Janji pada Langit
Malam itu, setelah memberikan obat pada Bayu, Dewi duduk di depan rumah, memandang bintang-bintang yang bertaburan di langit. Ia menggenggam tangan Bayu yang sudah mulai dingin, pertanda demamnya perlahan turun.
Dalam hati, Dewi berdoa. “Ya Allah, tolong beri kami kekuatan. Saya ingin Bayu sehat, dan saya ingin terus berjuang untuk keluarga kami. Saya ingin Ibu bisa istirahat tanpa harus memikirkan uang setiap hari.”
Dewi tahu, jalan mereka masih panjang. Tapi ia tidak takut. Langkah kecilnya setiap hari adalah caranya untuk mendekatkan diri pada impian yang lebih besar. Dan suatu saat nanti, ia yakin, ia akan mencapai langit yang selalu ia lihat dengan penuh harap.
Esoknya, Bayu sudah sedikit lebih baik. Dewi lega melihat adiknya mulai bisa tersenyum kembali meskipun tubuhnya masih lemah. Hari itu, ia memutuskan untuk pergi sendirian mengumpulkan botol.
“Ibu, saya pergi dulu. Bayu istirahat di rumah saja, ya. Saya akan cepat kembali,” ujar Dewi sambil memasang karung di punggungnya.
Ibu mengangguk, meski terlihat cemas. “Hati-hati, Nak. Jangan terlalu memaksakan diri.”

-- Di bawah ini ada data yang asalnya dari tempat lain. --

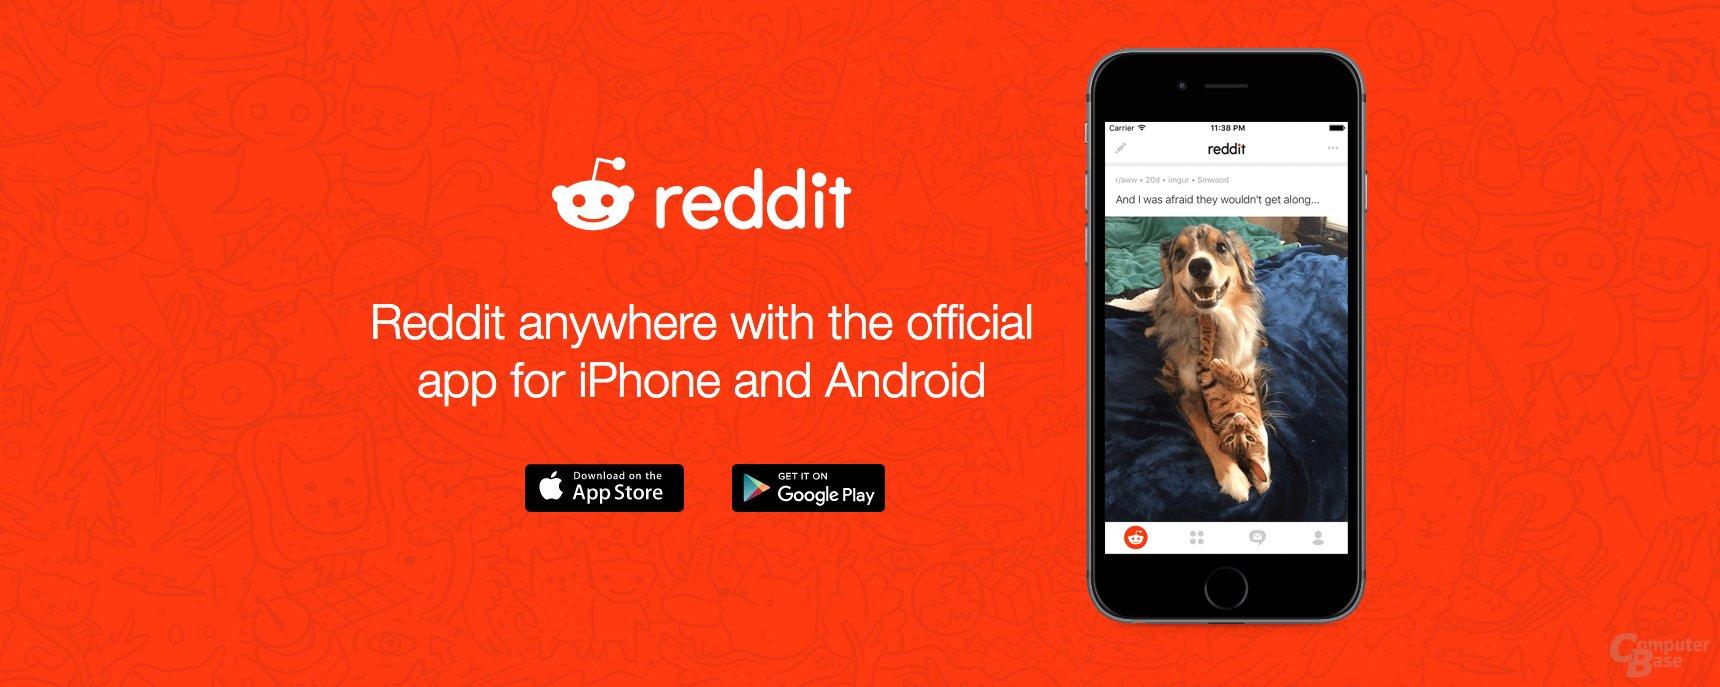 Offizielle Reddit-App nun verfügbar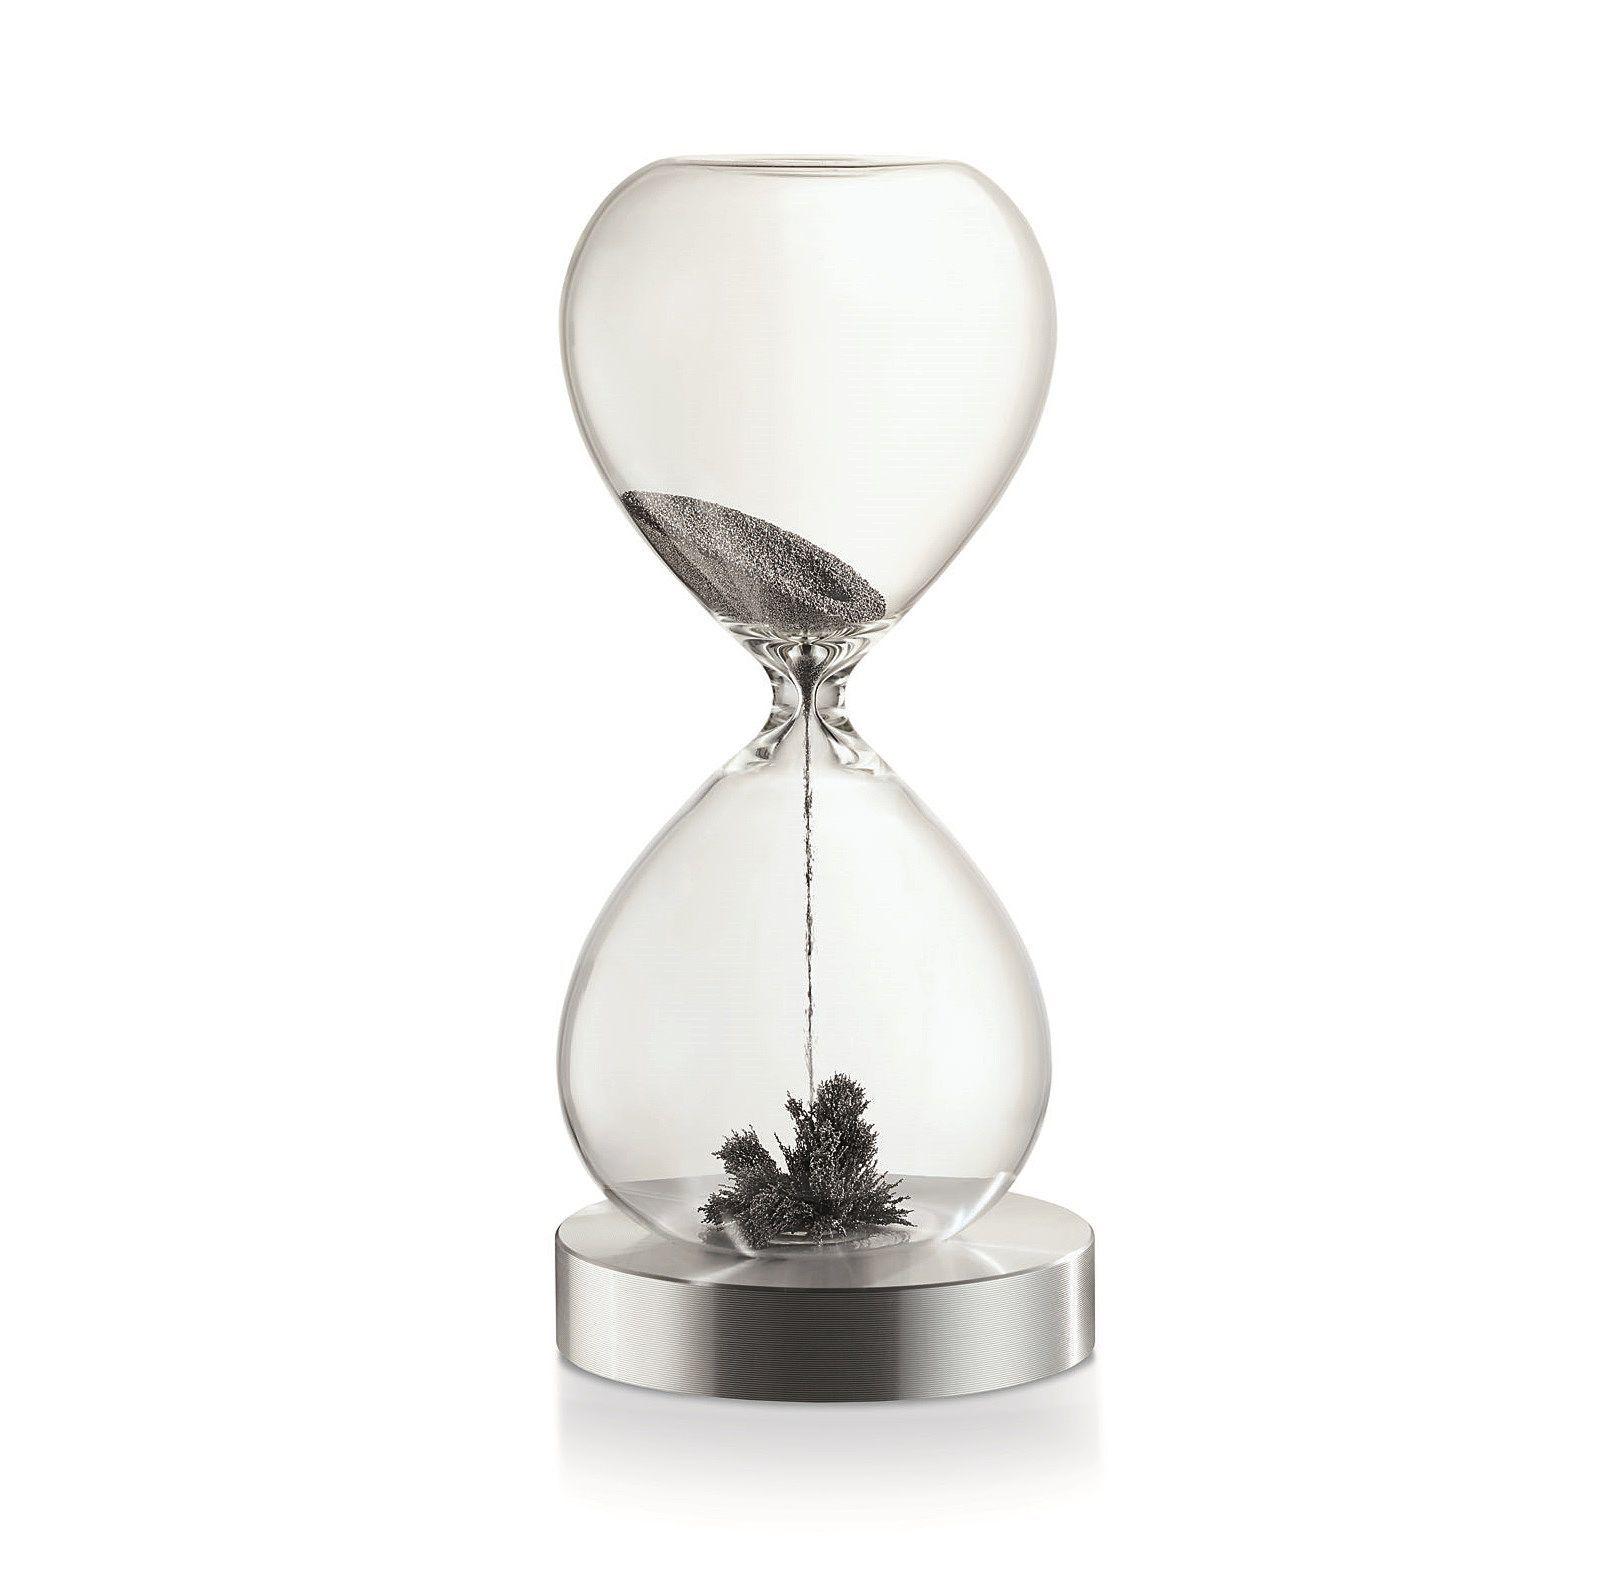 Přesýpací hodiny LALA, 16 cm - PHILIPPI

Dewi berjalan cepat menyusuri jalan-jalan kecil yang biasa ia lewati. Ia merasa bertanggung jawab untuk menggantikan adiknya yang belum bisa membantu. Hari itu, ia bekerja lebih keras dari biasanya, bahkan sampai menjelajah ke tempat-tempat baru yang belum pernah ia datangi.
Di salah satu gang sempit, Dewi melihat tumpukan botol dan kaleng yang cukup banyak di depan sebuah toko kecil. Pemilik toko, seorang pria tua dengan wajah ramah, keluar dan memerhatikan Dewi.
“Apa yang kamu cari, Nak?” tanyanya.
“Botol bekas, Pak. Kalau Bapak tidak keberatan, saya boleh mengambilnya?” jawab Dewi sambil menundukkan kepala.